Exercise goal:
Reproduce each line of the following material exactly, omitting the images.

Dataset content:
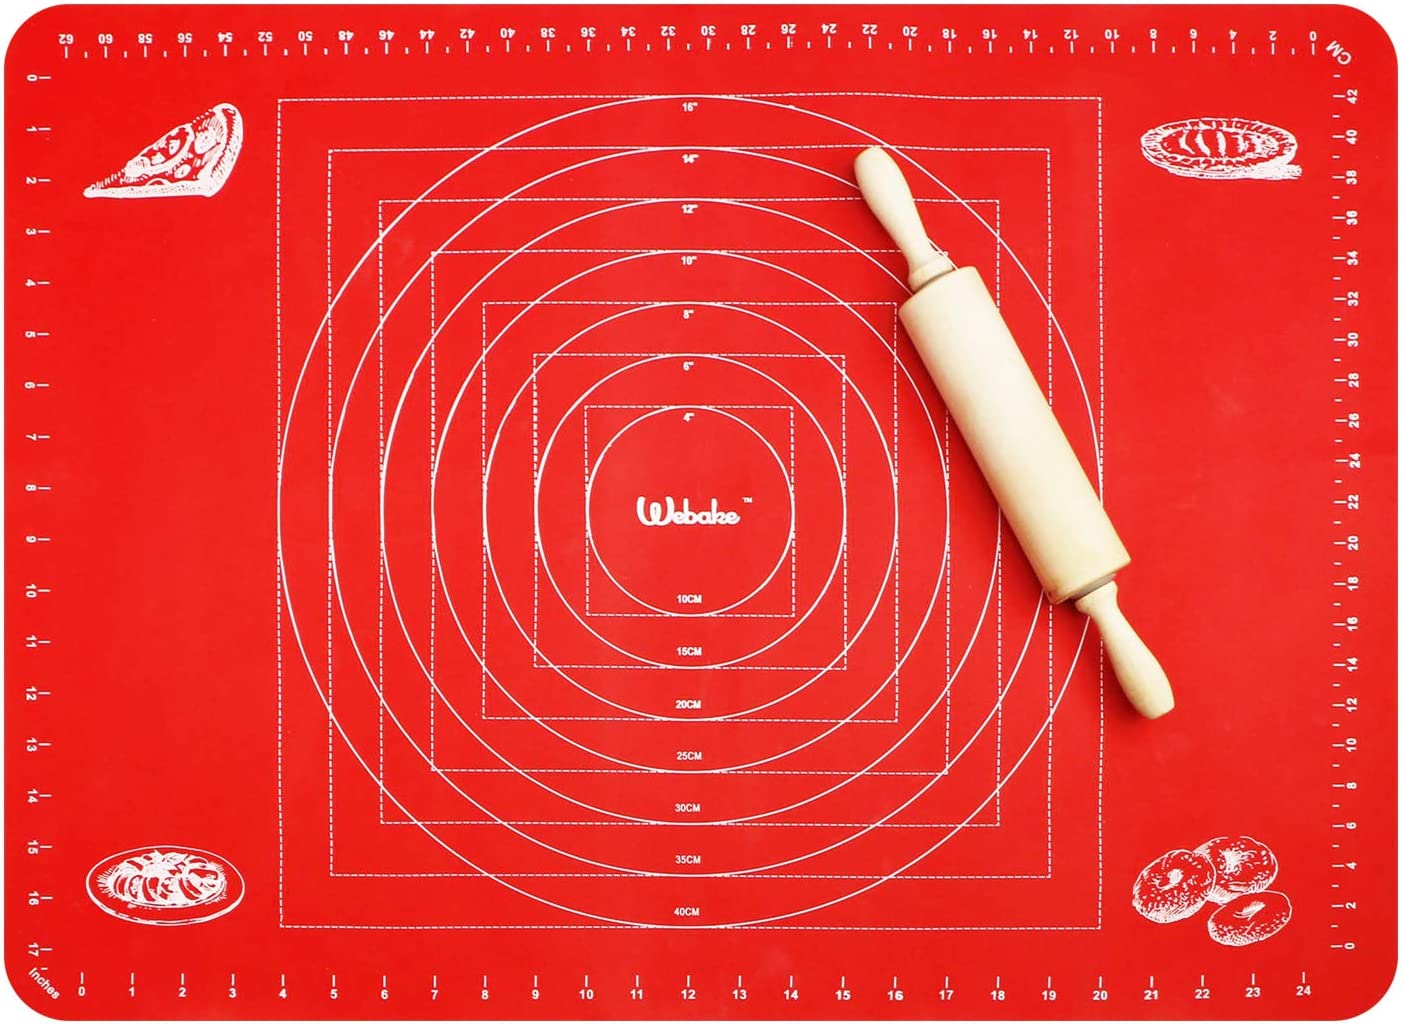 Silicone Pastry Mat, Non-stick Baking Mat With Measurements, Non
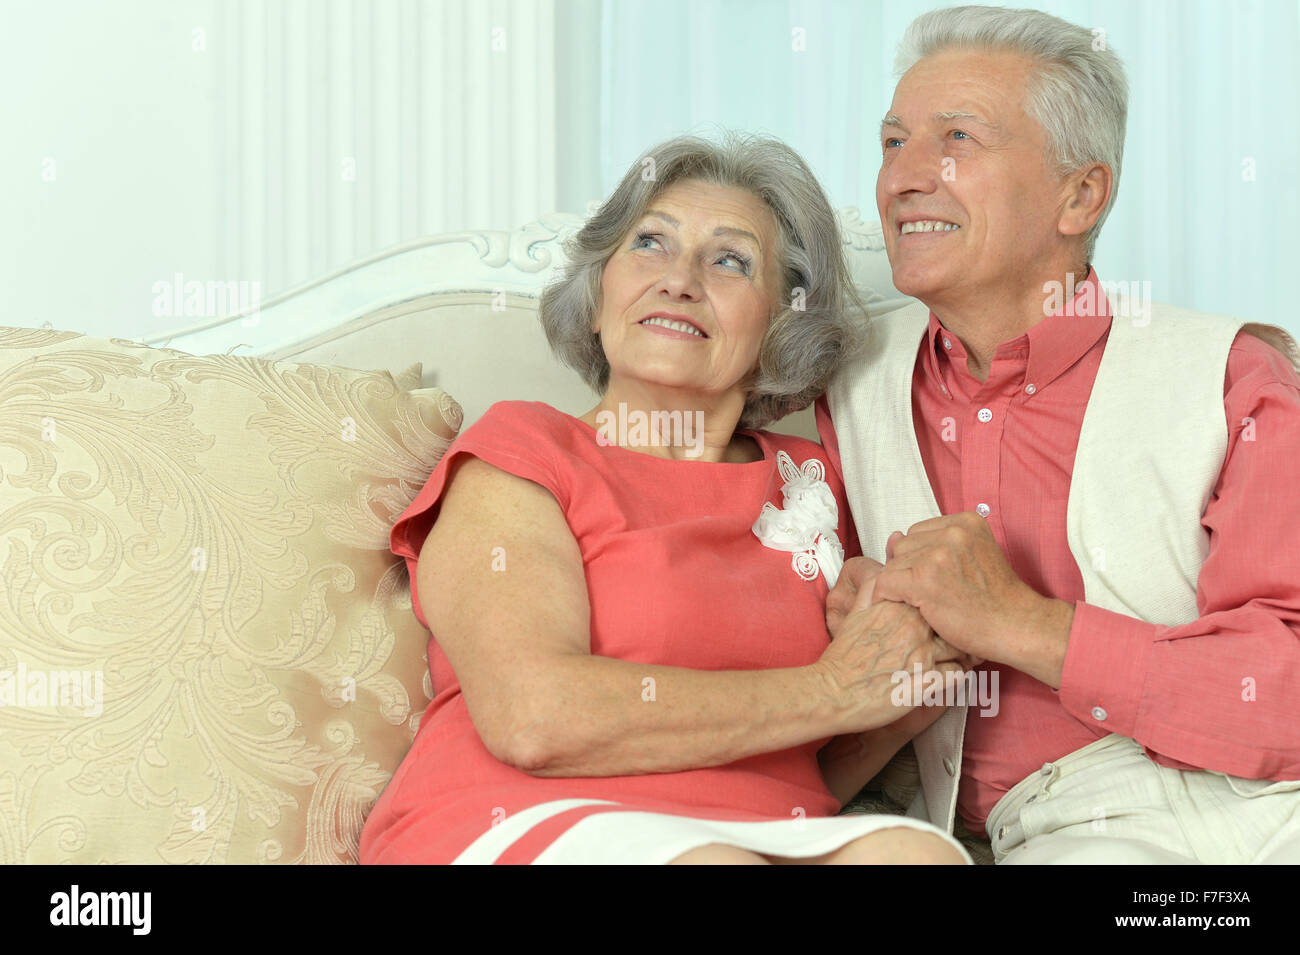 Elderly people sitting on couch Stock Photo
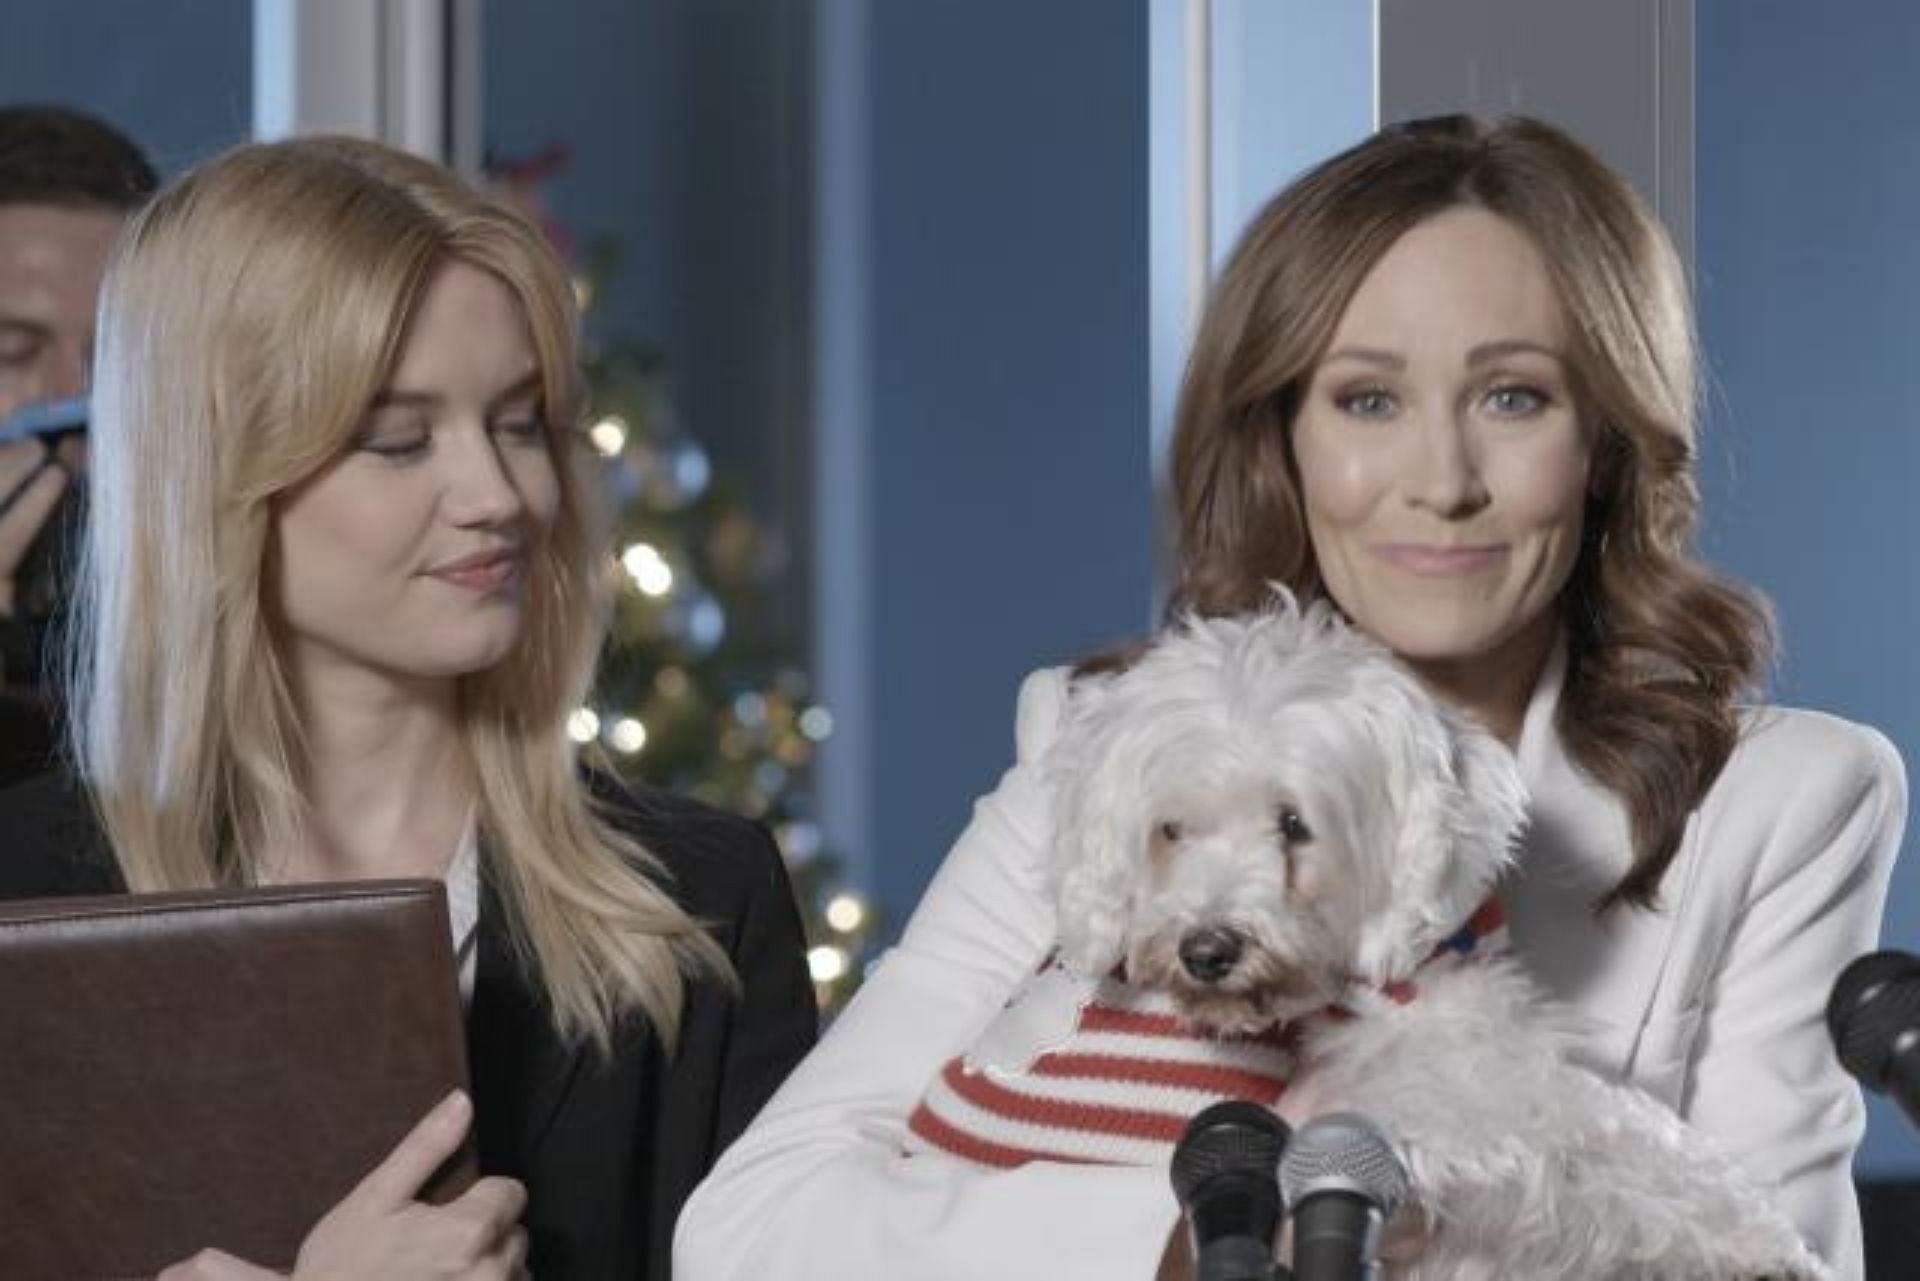 Dognapped: Hound for the Holidays (Image via ION Television)

Completed exercise:
 Silicone Pastry Mat, Non-stick Baking Mat With Measurements, Non
 Elderly people sitting on couch Stock Photo
 Dognapped: Hound for the Holidays (Image via ION Television)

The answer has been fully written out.